[Records from a dataset]
-*-

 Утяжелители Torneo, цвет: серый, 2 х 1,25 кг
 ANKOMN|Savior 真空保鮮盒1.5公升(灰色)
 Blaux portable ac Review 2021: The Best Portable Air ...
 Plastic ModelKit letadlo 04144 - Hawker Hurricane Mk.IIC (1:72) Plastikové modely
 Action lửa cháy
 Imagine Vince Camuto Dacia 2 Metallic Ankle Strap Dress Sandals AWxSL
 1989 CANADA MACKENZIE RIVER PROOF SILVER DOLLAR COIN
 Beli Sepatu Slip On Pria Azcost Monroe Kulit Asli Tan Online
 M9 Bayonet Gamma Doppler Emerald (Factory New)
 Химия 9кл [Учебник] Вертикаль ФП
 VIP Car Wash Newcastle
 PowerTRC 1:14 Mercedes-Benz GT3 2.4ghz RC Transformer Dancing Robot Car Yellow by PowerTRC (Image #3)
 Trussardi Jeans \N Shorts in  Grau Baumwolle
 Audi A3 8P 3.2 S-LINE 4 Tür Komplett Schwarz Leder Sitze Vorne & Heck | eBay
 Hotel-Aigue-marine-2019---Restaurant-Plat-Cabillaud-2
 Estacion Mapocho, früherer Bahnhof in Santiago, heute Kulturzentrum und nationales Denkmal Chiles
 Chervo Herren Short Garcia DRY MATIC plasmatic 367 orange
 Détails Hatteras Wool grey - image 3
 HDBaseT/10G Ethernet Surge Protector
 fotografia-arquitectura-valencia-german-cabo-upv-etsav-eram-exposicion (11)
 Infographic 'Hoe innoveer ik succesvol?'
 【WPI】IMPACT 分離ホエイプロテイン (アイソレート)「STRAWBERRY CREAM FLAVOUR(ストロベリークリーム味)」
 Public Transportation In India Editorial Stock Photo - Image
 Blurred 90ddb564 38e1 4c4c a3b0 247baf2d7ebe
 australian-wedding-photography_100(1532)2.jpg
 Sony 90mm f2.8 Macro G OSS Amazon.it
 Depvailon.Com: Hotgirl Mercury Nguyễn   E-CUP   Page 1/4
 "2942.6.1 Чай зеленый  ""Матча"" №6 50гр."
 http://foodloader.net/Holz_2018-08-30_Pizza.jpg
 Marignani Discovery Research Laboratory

-*-

**Goal of the exercise**
Your answer should be the records above, set down exactly.

**Output of the task**
 Утяжелители Torneo, цвет: серый, 2 х 1,25 кг
 ANKOMN|Savior 真空保鮮盒1.5公升(灰色)
 Blaux portable ac Review 2021: The Best Portable Air ...
 Plastic ModelKit letadlo 04144 - Hawker Hurricane Mk.IIC (1:72) Plastikové modely
 Action lửa cháy
 Imagine Vince Camuto Dacia 2 Metallic Ankle Strap Dress Sandals AWxSL
 1989 CANADA MACKENZIE RIVER PROOF SILVER DOLLAR COIN
 Beli Sepatu Slip On Pria Azcost Monroe Kulit Asli Tan Online
 M9 Bayonet Gamma Doppler Emerald (Factory New)
 Химия 9кл [Учебник] Вертикаль ФП
 VIP Car Wash Newcastle
 PowerTRC 1:14 Mercedes-Benz GT3 2.4ghz RC Transformer Dancing Robot Car Yellow by PowerTRC (Image #3)
 Trussardi Jeans \N Shorts in  Grau Baumwolle
 Audi A3 8P 3.2 S-LINE 4 Tür Komplett Schwarz Leder Sitze Vorne & Heck | eBay
 Hotel-Aigue-marine-2019---Restaurant-Plat-Cabillaud-2
 Estacion Mapocho, früherer Bahnhof in Santiago, heute Kulturzentrum und nationales Denkmal Chiles
 Chervo Herren Short Garcia DRY MATIC plasmatic 367 orange
 Détails Hatteras Wool grey - image 3
 HDBaseT/10G Ethernet Surge Protector
 fotografia-arquitectura-valencia-german-cabo-upv-etsav-eram-exposicion (11)
 Infographic 'Hoe innoveer ik succesvol?'
 【WPI】IMPACT 分離ホエイプロテイン (アイソレート)「STRAWBERRY CREAM FLAVOUR(ストロベリークリーム味)」
 Public Transportation In India Editorial Stock Photo - Image
 Blurred 90ddb564 38e1 4c4c a3b0 247baf2d7ebe
 australian-wedding-photography_100(1532)2.jpg
 Sony 90mm f2.8 Macro G OSS Amazon.it
 Depvailon.Com: Hotgirl Mercury Nguyễn   E-CUP   Page 1/4
 "2942.6.1 Чай зеленый  ""Матча"" №6 50гр."
 http://foodloader.net/Holz_2018-08-30_Pizza.jpg
 Marignani Discovery Research Laboratory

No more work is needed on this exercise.